Because Jesus was slain from the foundation of the world - in God's plan, which already included the cleansing of (a corrupted) created humanity through the son that was to come and bring in a new covenant of life and spirit to replace that of sin and death.

1 Corinthians 15:45 The first man Adam became a living being; the last Adam, a life-giving spirit. Acts 2:33

Everything that followed Adam Mk1 was designed to be seen and understood in Jesus who is the central core of all that God's plan depended on. God needed the human Jesus to die and be the perfect sacrifice, Jesus needed God to make it to the bitter, though joyous end.

While in such pain, we can surmise that the spirit in him helped endure such brutality, yet it was terrifying nonetheless, the final breaths of, 'it is finished', must have been so deeply satisfying - bringing a joy and peace that defies understanding because of God's presence in him Phil 4:6-

So, while even the old covenant played out according to plan, it too was to be seen as a part only of what God had planned in Christ. Without the son who was to feature 2000 yrs ago, God would not have done it this way.

But as He did there is nothing that is not bound up in Christ - his life, sacrifice and new life in the spirit. Things that were before him, and after him are all included IN him, and they have their ultimate purpose THROUGH him.

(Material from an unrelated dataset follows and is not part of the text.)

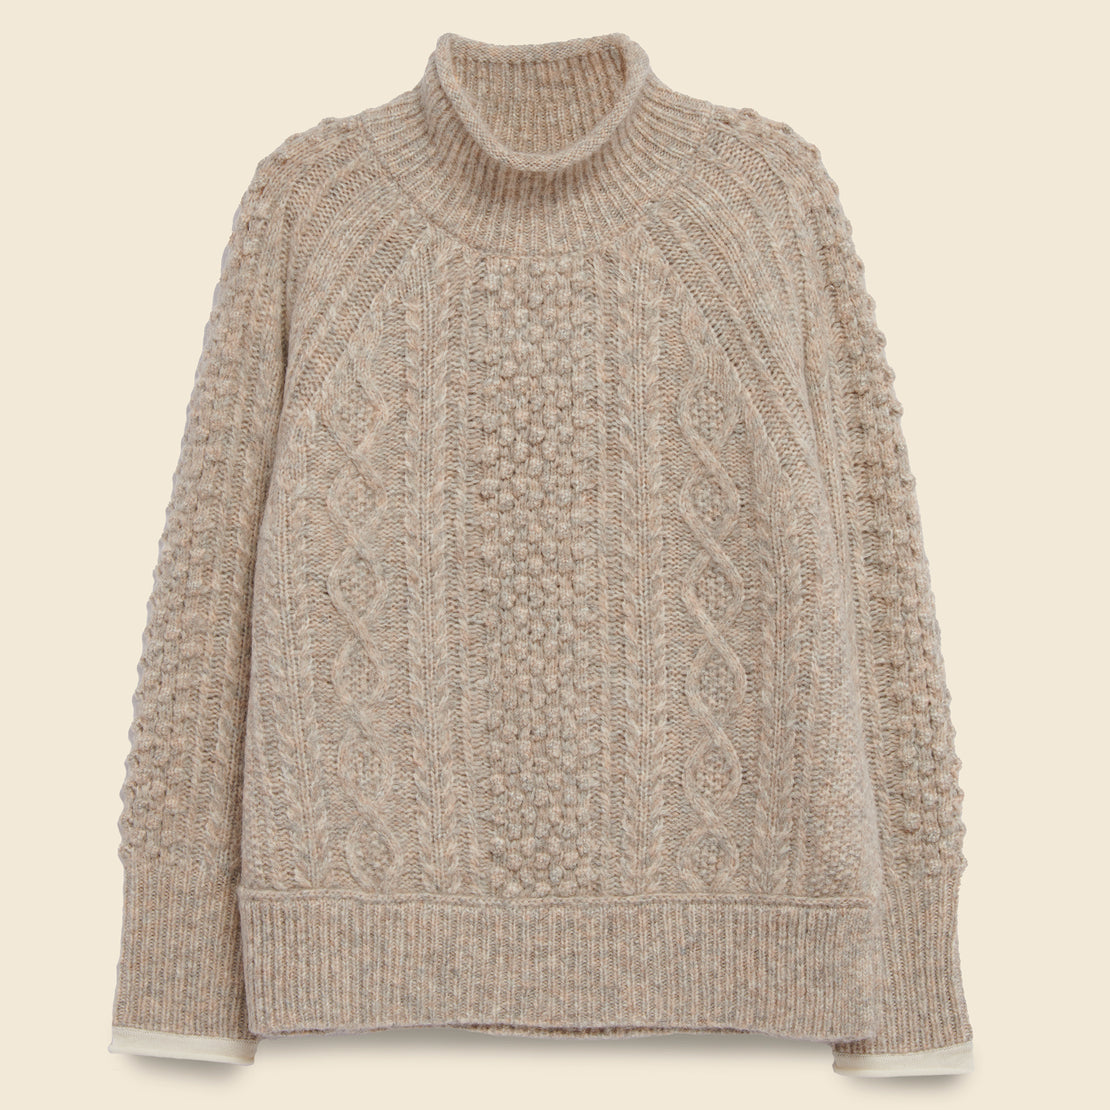 Alex Mill Camil Cable Sweater - Driftwood

Indeed, while we are told that man is made, 'in the image of God', this is only true in Christ.

We get a sense of this with,

Philippians 1:6 being confident of this, that He who began a good work in you will carry it on to completion until the day of Christ Jesus.

In our corrupted state, man is not in God's image until the new life begins at our change. And,

Just as we have borne the image of the earthy, we will also bear the image of the heavenly. 1 Cor 15:49

Through the salvation and path to the Father - made possible only through Christ, so too is our final completion in Christ being then fully 'made in God's image'.